在英国,掌腱膜挛缩症的切除术通常在全身麻醉或区域麻醉下进行,使用臂止血带,并在医院环境下进行。我们已经改变了我们的做法,使用局部麻醉加肾上腺素,不使用臂止血带,并在社区环境下进行手术。我们介绍了连续 30 例患者的结果。

方法

前瞻性收集了 30 名患者(6 名患者有 2 个手指受影响)的 36 个手指接受开放性掌腱膜切除术的数据,随访时间为 1 年,由两位外科医生负责。总共使用了 10 至 20 毫升 1%利多卡因加 1:100000 肾上腺素。采用标准的术后康复方案。术前健康评分、掌指关节(MCP)、近指间关节(PIP)挛缩的量角器测量值以及手关节炎评定量表(URAM)评分在术前和术后 6 周和 12 周进行测量。

结果

MCPJ 的平均术前挛缩为 35.3°(0°至 90°),PIPJ 的平均术前挛缩为 32.5°(0°至 90°)(两者合并畸形为 67.8°)。
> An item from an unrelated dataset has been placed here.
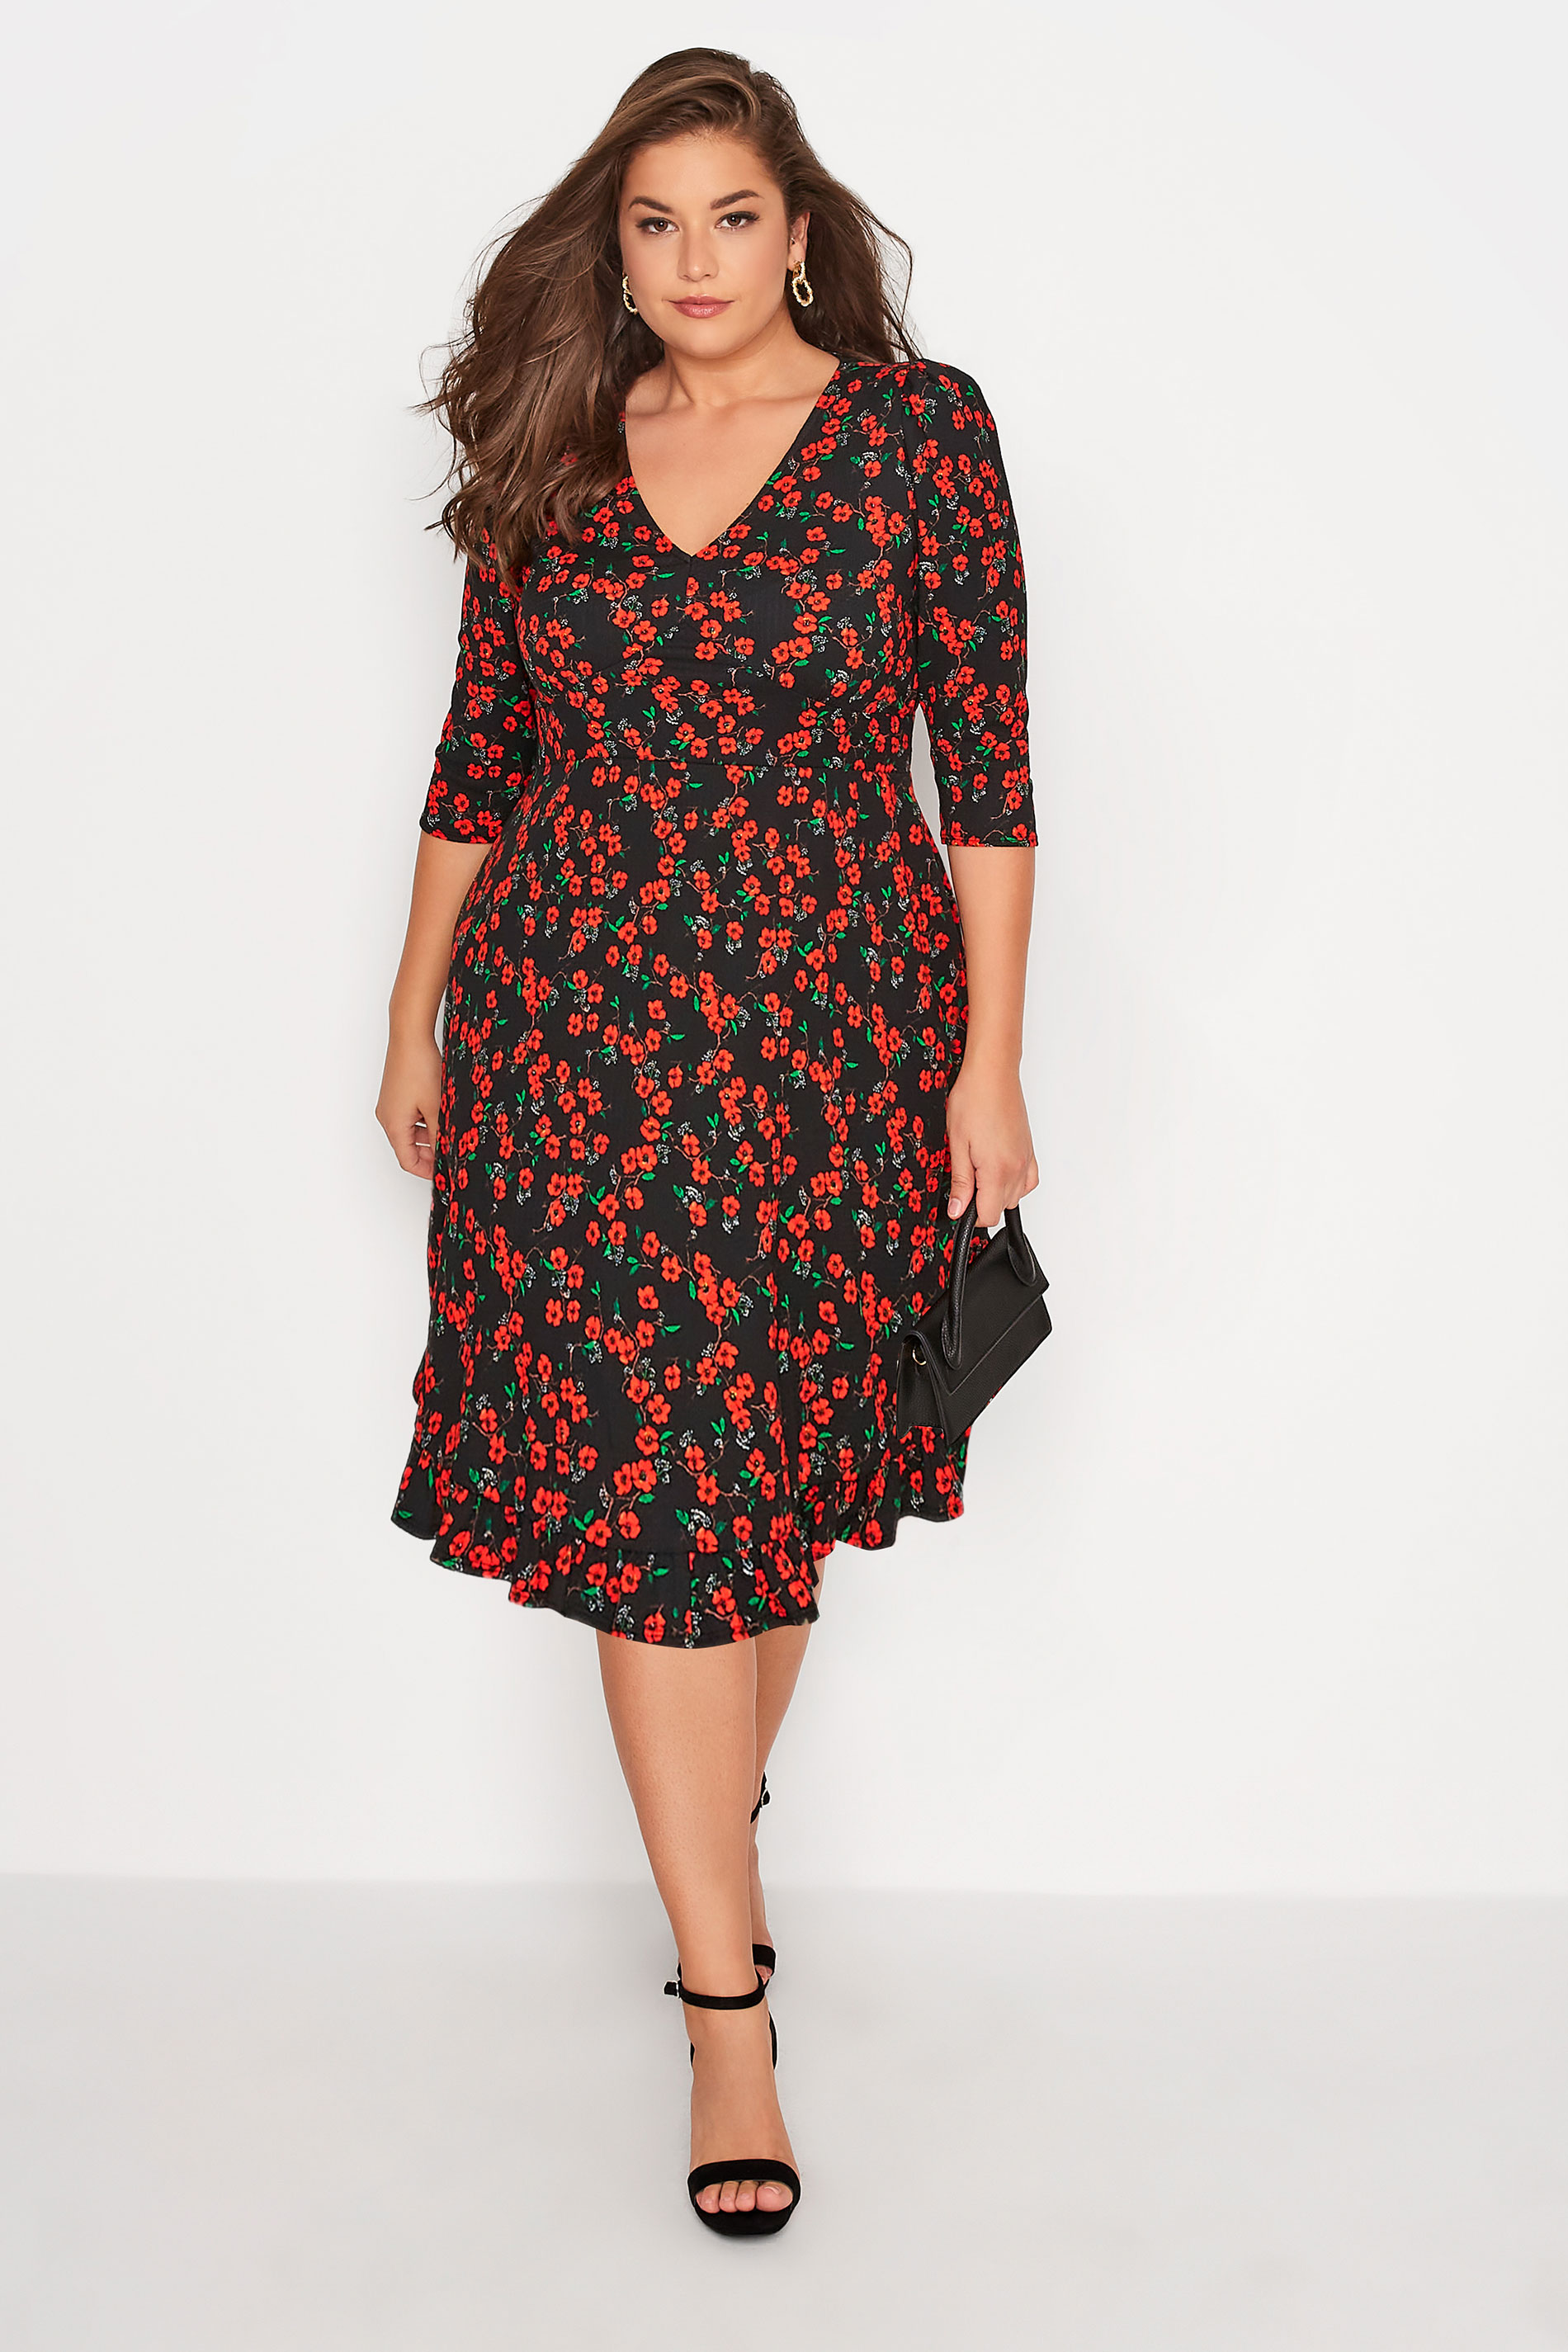 YOURS LONDON Curve Black & Red Ditsy Print Frill Trim Dress 1
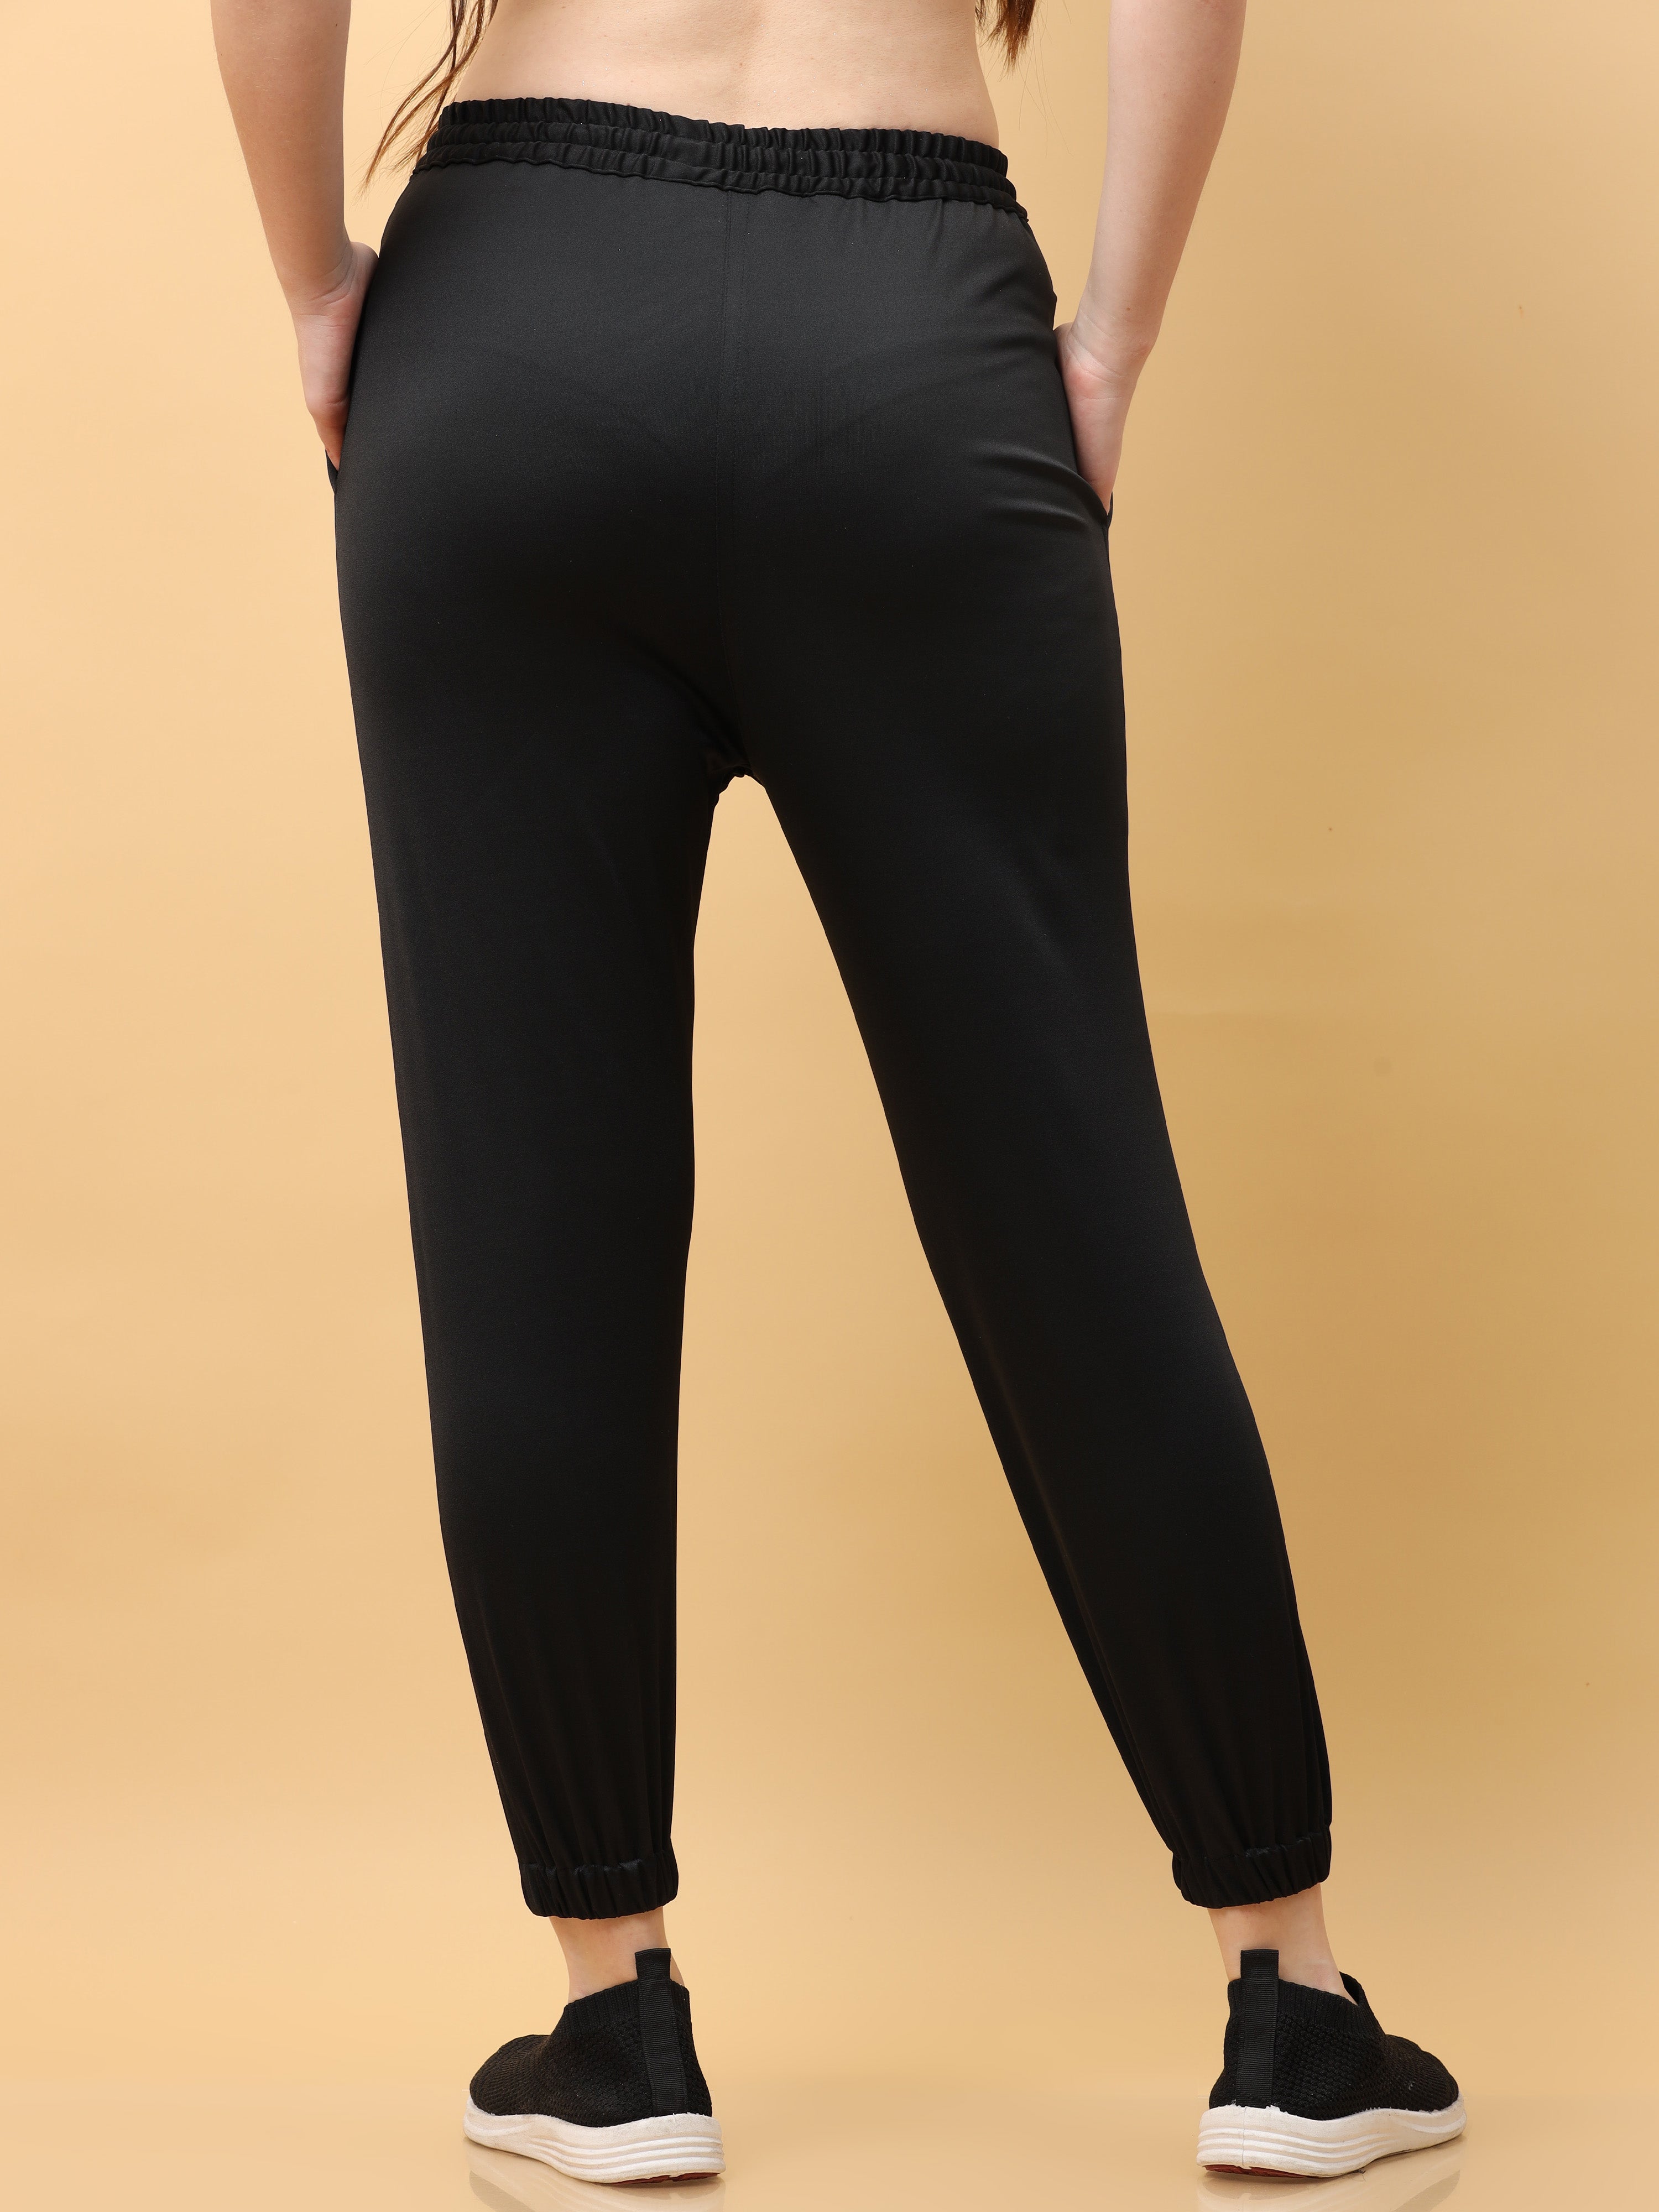 jogger  Lower and Trouser for girls  stretchable with elasticated waist Black  women Pants  Trousers in soft and solid colors

MCPJ 的平均矫正为 33.6°(0°至 90°),PIPJ 的平均矫正为 18.2°(0°至 70°),导致联合矫正为 51.8°。21 个手指(59.5%)完全矫正,14 个手指(37.8%)部分矫正,1 个手指无矫正。部分/未矫正组的平均残余畸形为 MCP 4.2°(0°至 30°),PIP 26.1°(0°至 85°)。对于完全矫正的患者,术前挛缩程度较小,特别是在 PIP 关节(15.45°(0°至 60°) vs 55.33°(0°至 90°))。完全矫正组的术前 URAM 评分较高(17.4(4 至 31) vs 14.0(0 至 28)),但术后 3 个月较低(0.5(0 至 3) vs 4.40(0 至 18)),两组均有所改善。两名患者(三个手指)发生感染,均经口服抗生素成功治疗。未观察到其他并发症。在社区环境下进行局部麻醉下的掌腱膜切除术的估计费用为每位患者 184.82 英镑。全身麻醉下(GA)行掌腱膜切除术的估计医院手术室费用为 1146.62 英镑,腋部阻滞下为 1085.30 英镑。

结论

本研究表明,在局部麻醉下,使用肾上腺素,不使用臂止血带,在社区环境下进行的掌腱膜切除术是安全的,在挛缩矫正程度、功能评分和短期并发症方面均取得了有利的结果。在社区环境下使用局部麻醉进行掌腱膜切除术,与全身麻醉相比,每例可节省 961.80 英镑,与腋部阻滞相比,每例可节省 900.48 英镑。